Worker placement game

Flamecraft is a card game designed by Manny Vega and published in 2022 by Cardboard Alchemy, featuring illustrations by Sandara Tang. Players act as "Flamekeepers", assisting shops in town with dragons and enchantments in order to have the best reputation by the end of the game.

== Publishing history ==
Flamecraft was funded by a successful Kickstarter and early copies were released to backers in mid-2022. The game was published for retail later that year. Flamecraft Duals, a two-player abstract matching game set in the same world as Flamecraft, was released in January 2026.

A video game adaptation developed by Monster Couch was announced to be in production in early 2025, and a demo was released on Steam in June 2026.

== Gameplay ==
Flamecraft is played with a Town mat which acts as a game board, three decks of cards (Artisan Dragons, Enchantments, and Shops), and cardboard tokens for Goods and Coins. To start, six Starter Shops and their corresponding Starter Artisan Dragon cards, as well as the top five cards from both the Artisan Dragon and Enchantment decks, are placed face-up on the Town mat. Each player begins the game with three Artisan Dragon cards, which list the dragon's type and the ability used when the dragon is "fired up". They also start with one card from the Fancy Dragon deck, which have different goals to be completed for various amounts of Reputation. Fancy Dragon cards are either Sun Dragon cards, which can be cashed in on a player's turn, or Moon Dragon cards, which are only scored at the end of the game.

On their turn, a player must visit a shop different from their previous turn and then either Gather there or Enchant it.
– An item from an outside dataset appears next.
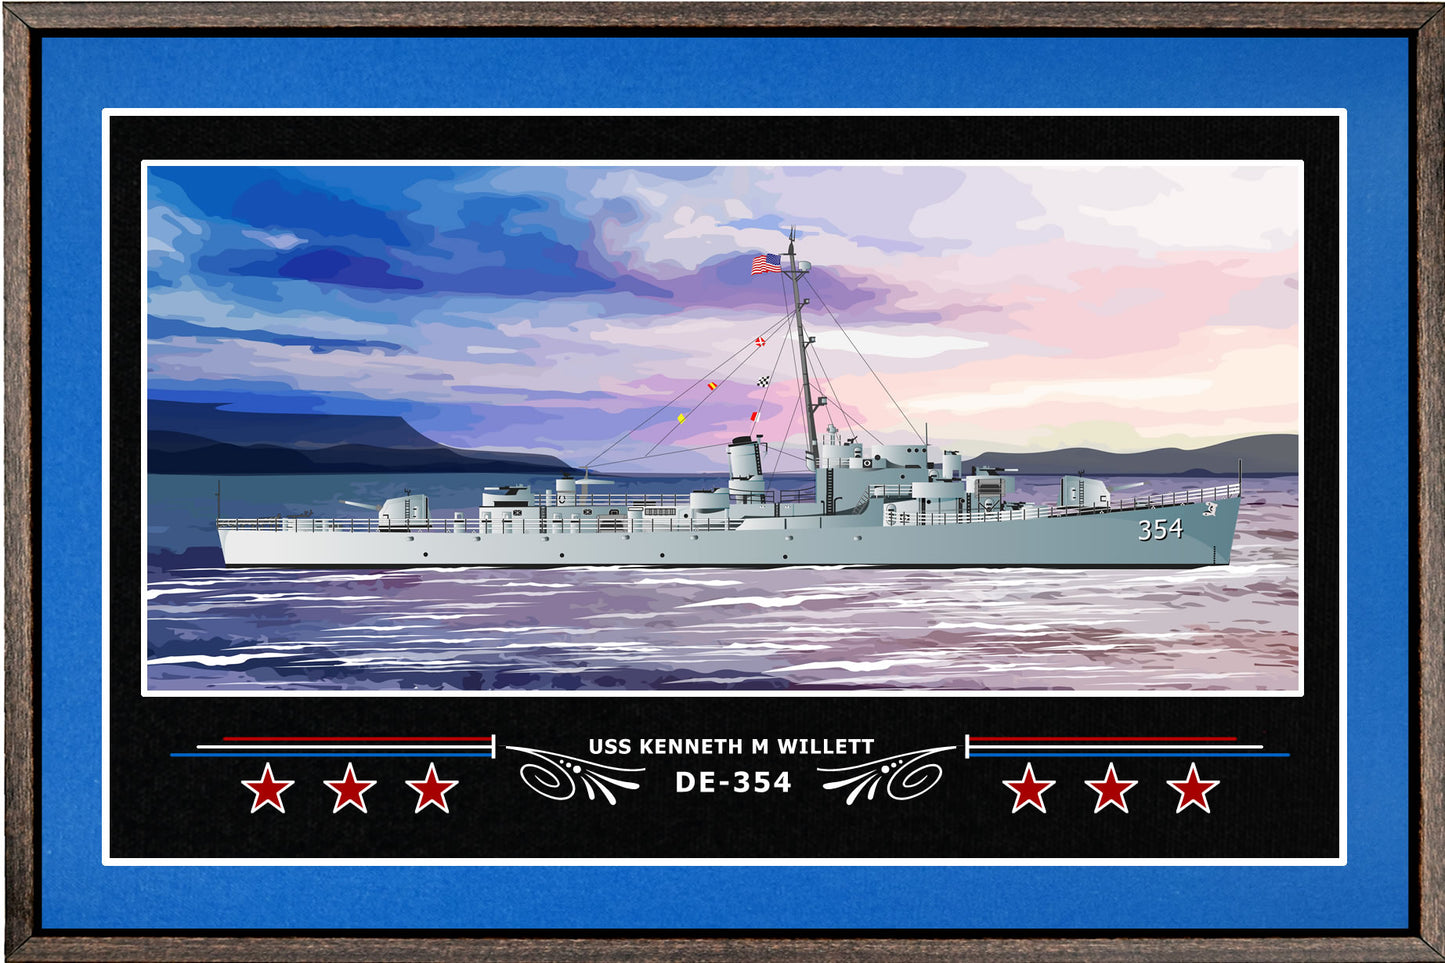 USS KENNETH M WILLETT DE 354 BOX FRAMED CANVAS ART BLUE

If they decide to Gather, the player gains Goods, Coins, and Dragons from the Shop based on its number of Dragons and Enchantments. They may then choose to place an Artisan Dragon card from their hand into one of the Shop's Dragon slots with a matching icon to gain the listed reward. This action also allows the player to fire up a dragon, and use the Shop's special ability. If they decide to Enchant, the player pays the Goods cost of one of the face-up Enchantment cards matching one of the Shop's icons to gain its listed rewards once, and from then on that Shop gives one additional Good when any player Gathers there. The player can then choose to fire up all dragons. If an Artisan Dragon card is placed in the last empty slot of a Shop during a player's turn, a new Shop from the Shop deck is placed on the Town mat.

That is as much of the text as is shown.